Oman CB eases capital, lending curbs
Bid to spur economic growth
DUBAI, April 3, (RTRS): Oman’s central bank announced on Tuesday its biggest package of regulatory reforms for commercial banks in years, relaxing capital and credit exposure rules in an effort to boost economic growth.
In the stock market, which hit a nine-year low this week, shares of the largest banks rose in response, with National Bank of Oman adding 3.8 percent.
Oman’s economy and markets have been pressured by low oil prices and rising US interest rates, so authorities are keen to keep banks liquid and to encourage them to lend.
Oman was the only one of the Gulf’s six wealthy oil exporters where banks’ operating profits shrank last year, Boston Consulting Group found; annual growth in conventional banks’ lending fell to 3 percent late last year, the slowest in 12 years.

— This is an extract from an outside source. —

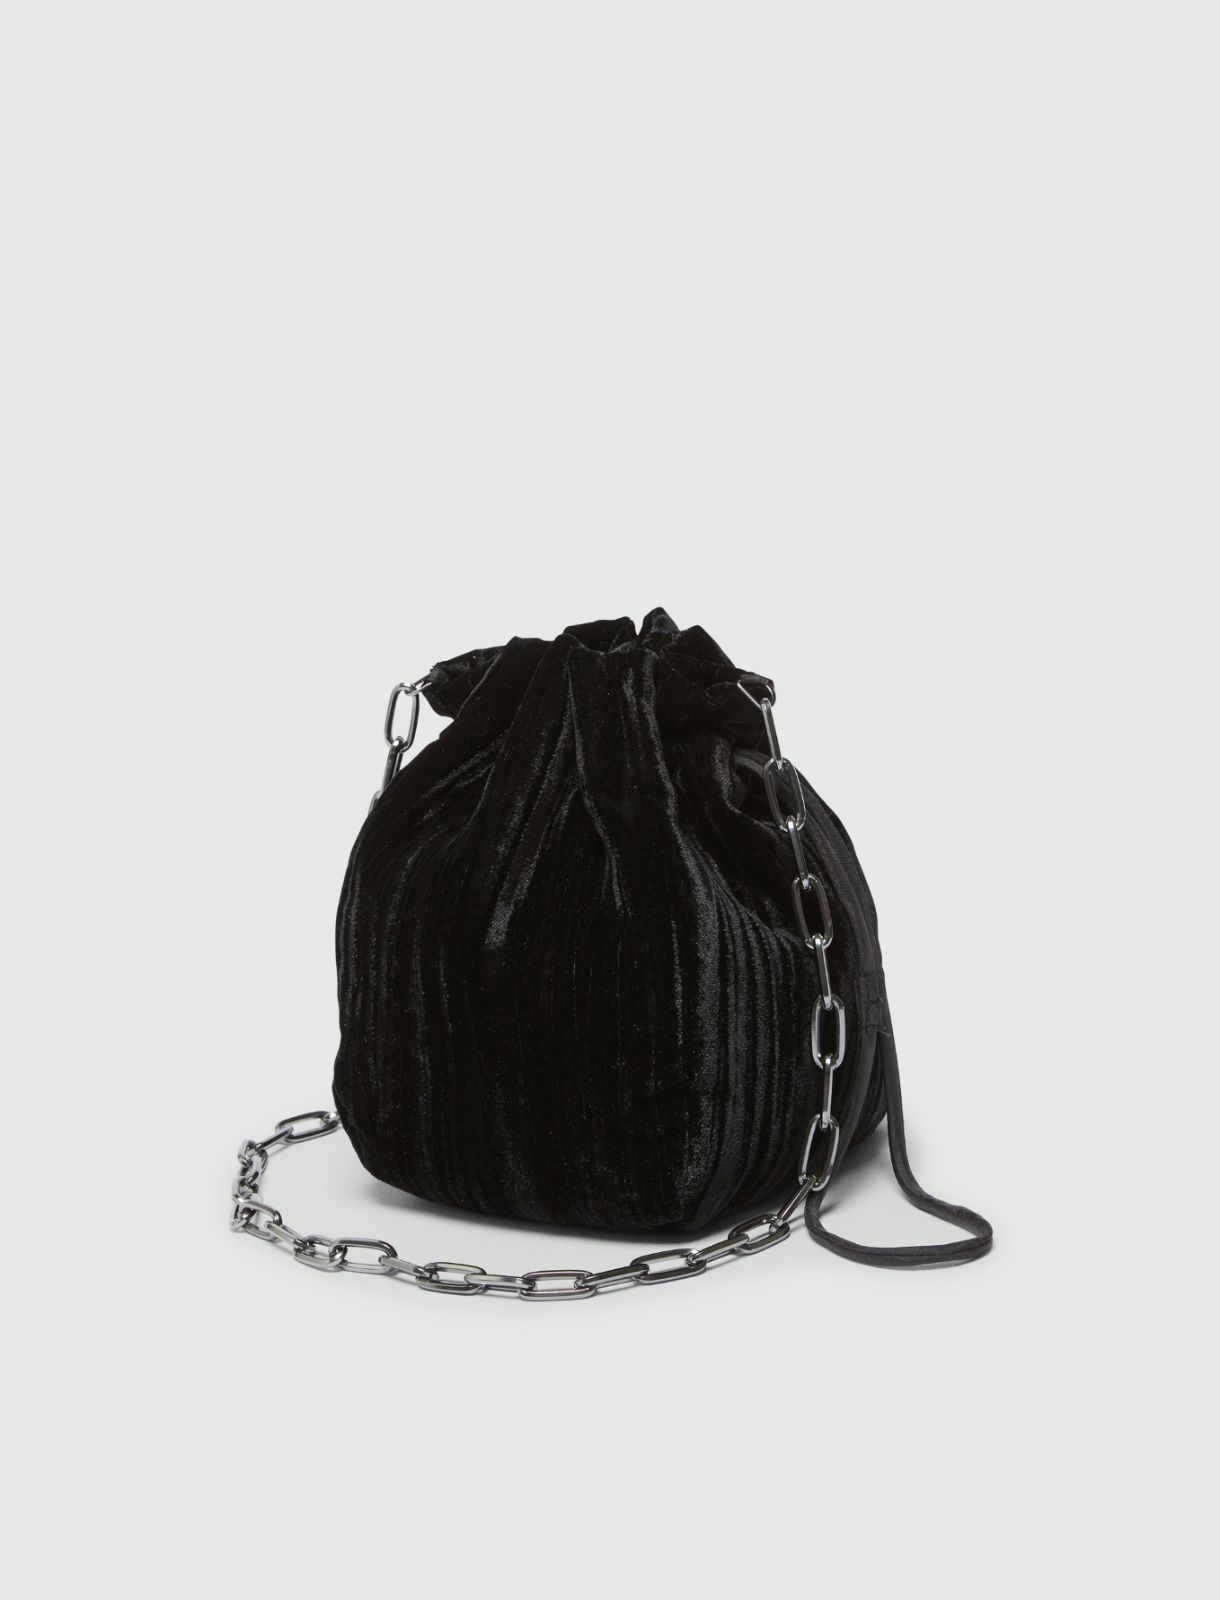 Velvet bag - Black - Marina Rinaldi - 2
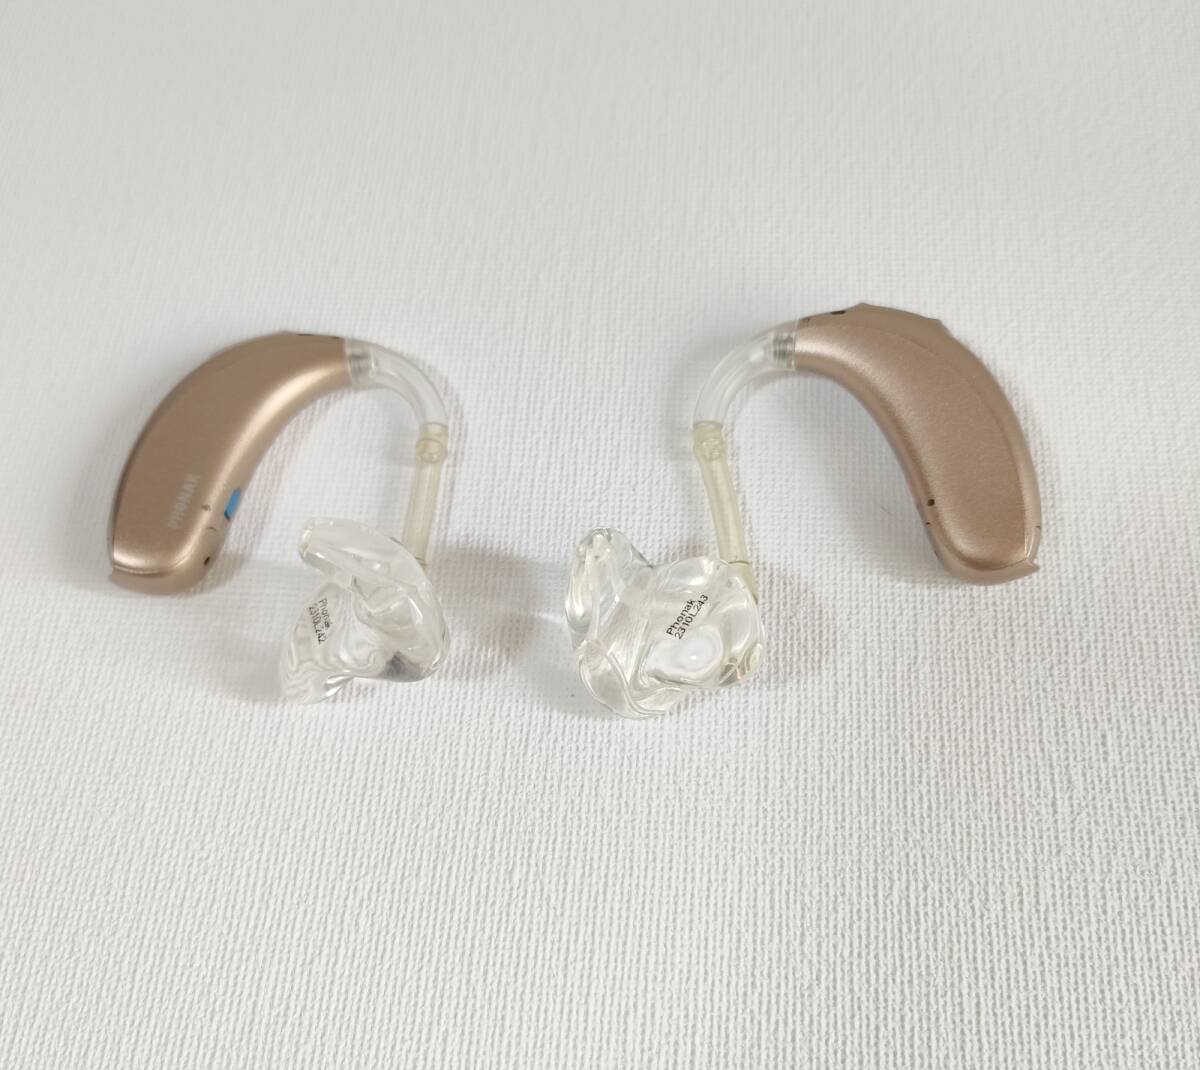  regular price 360000 jpy beautiful goods fonak hearing aid both ear nai-dama- bell M30 SP phonak naida marvel

The package seeks to change this by giving banks more flexibility to lend to companies and each other and to borrow from abroad, and by stimulating activity in an undeveloped interbank money market.
The minimum capital adequacy ratio, the proportion of capital that banks must hold back from lending, was reduced to 11 percent from 12 percent. That should increase additional credit available to 7.8 billion rials ($20.3 billion) from 5.2 billion rials, the central bank said.
This may do little to boost lending immediately; Oman’s Ubhar Capital noted actual adequacy ratios of all eight listed commercial banks were already several percentage points above the floor.
But it said that including other regulatory demands on banks’ capital, the move would ease future pressure on banks at the lower end of the spectrum to raise additional capital.
Other steps aimed to encourage banks to exchange their excess funds with each other, and therefore use available liquidity in the economy more efficiently, rather than sitting on the money.